Ich hab mal die Gunst der Stunde genutzt und noch ein bisschen recherchiert.

Im folgenen ein paar Luftaufnahmen, allesamt dem Portal 'remonterletemps' entnommen (https://remonterletemps.ign.fr/)



Bild aus dem Jahr 1946. Das Depot war noch aktiv, die 2. Drehscheibe ist gut zu erkennen (nur Freistände) und auch das Überwerfungsbauwerk mit Wechsel von Rechts- auf Linksverkehr ist gut zu erkennen
(Quelle: https://remonterletemps.ign.fr/telecharg...issions.4972617)
(Ergänzungen Beitragsverfasser)



Bild aus dem Jahr 1958. In der Zeit muss das Depot aufgelöst worden sein. Die 2. Drehscheibe ist scheinbar schon nicht mehr aktiv.
(Quelle: https://remonterletemps.ign.fr/telecharg...issions.4982745)


Bild aus dem Jahr 1967. Die Vegetation greift im Bereich der 2. Drehscheibe schon um sich.
(Quelle: https://remonterletemps.ign.fr/telecharg...issions.4978701)

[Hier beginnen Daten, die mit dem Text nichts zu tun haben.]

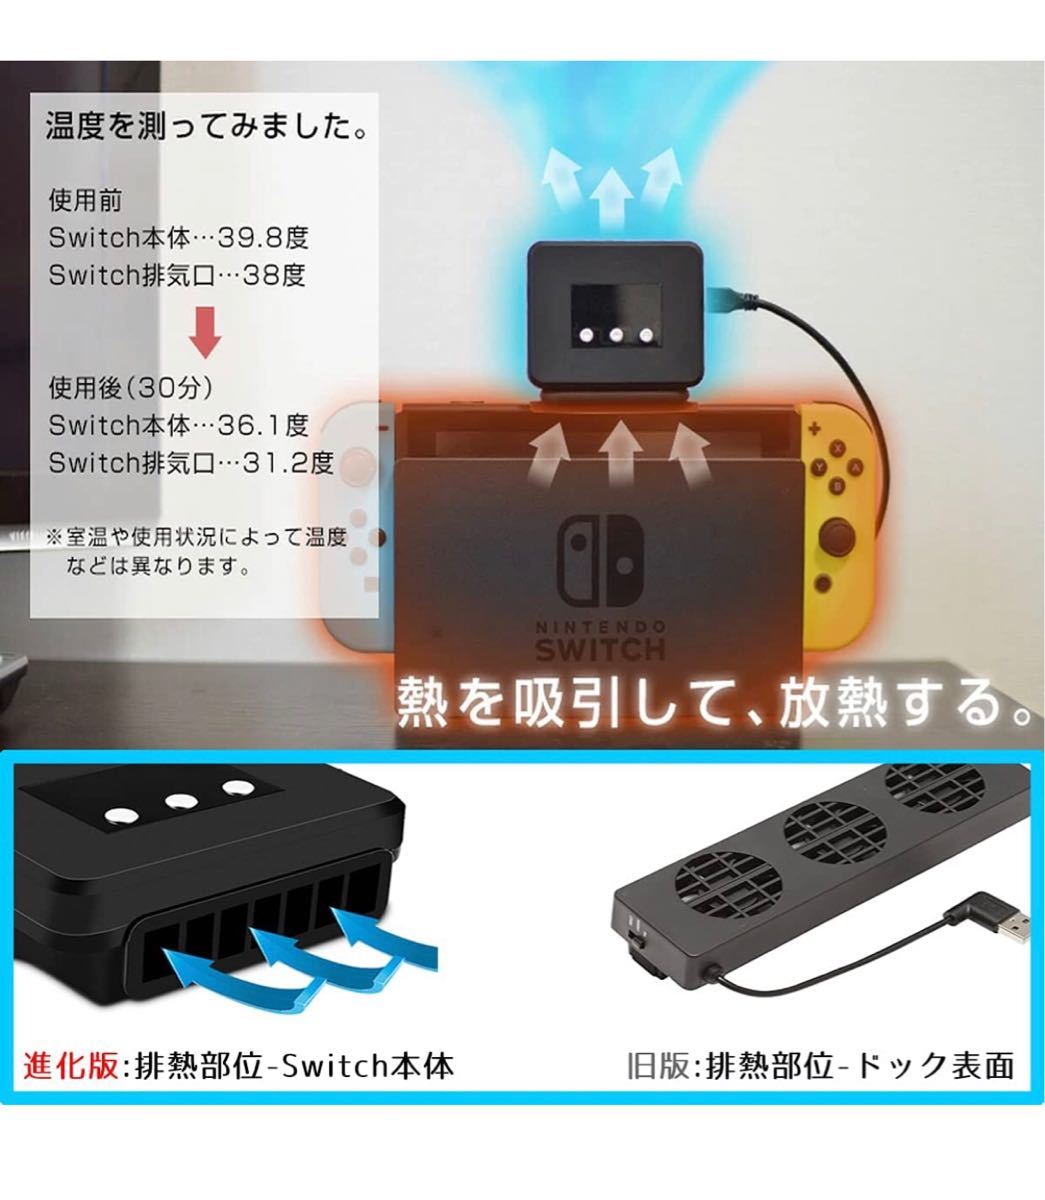 Nintendo Switch 冷却ファン 任天堂 スイッチ専用 冷却 クーラー ハイパワー冷却ファン 熱対策 スイッチドック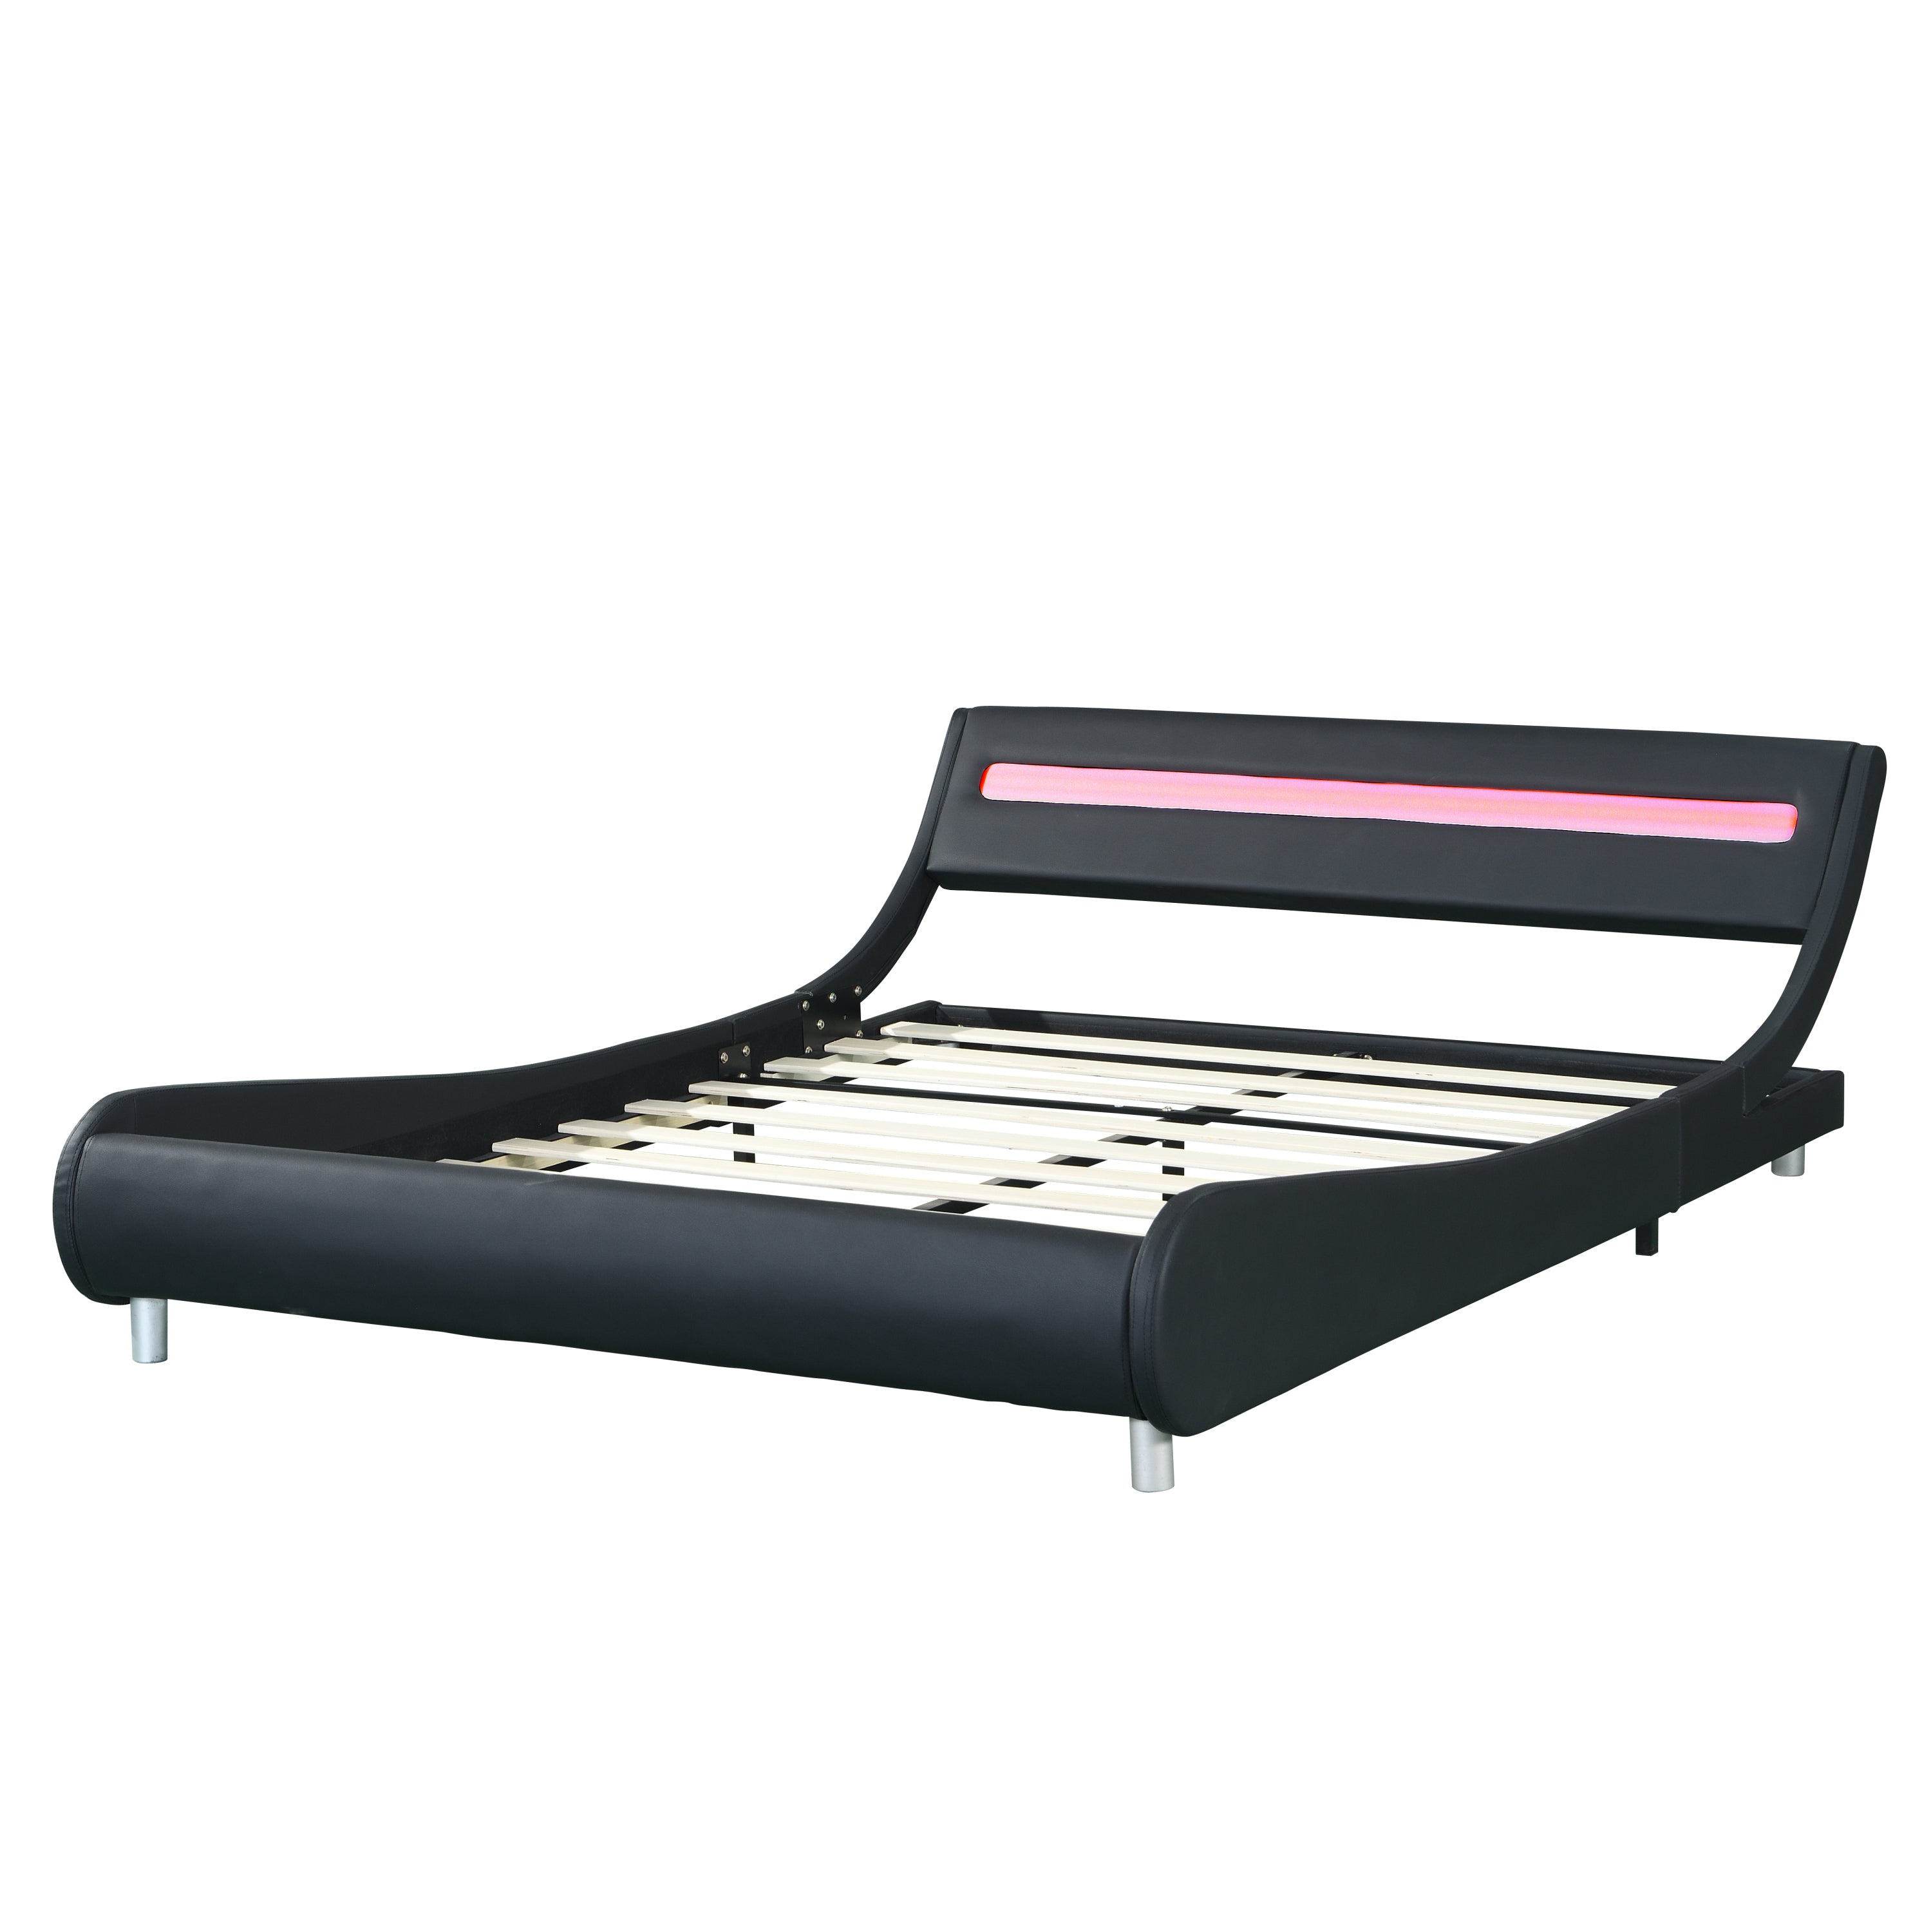 Faux Leather Upholstered Platform Bed Frame with Led Lighting Queen Size (Black)

Bild aus dem Jahr 1979. Die Natur holt sich das Areal zurück.
(Quelle: https://remonterletemps.ign.fr/telecharg...issions.4984600)

Und hier noch ein interessanter YouTube Link. Das Depot mit einer Drohne aufgenommen 2017:
https://www.youtube.com/watch?v=OLFwFbvjQJk

Wenn ich so sehe, wie nah eigentlich der Waldrand ist und wie weit das Dickicht vor zum Bahnhof reicht, dann hab ich da wohl den kompliziertesten Weg der "Anreise" genommen...

Gruß, Stephan

P.S.:
Ergänzend noch zwei Links zu historischen Bildern des Depots.
Einmal ca. 1925 http://railtrash.jalbum.net/Benestroff/s...P.Maillet2.html
Und hier im Jahr 1976 http://railtrash.jalbum.net/Benestroff/s...76%20kopie.html

Trainbleu Offline




Beiträge: 165

09.02.2021 23:31
#4 RE: Depot Bénestroff Antworten

Hallo Stephan,

vielen Dank für das Update vom Depot Bénestroff.
Sobald man wieder reisen kann, würde ich es mir gerne mal ansehen. Warten wir es ab.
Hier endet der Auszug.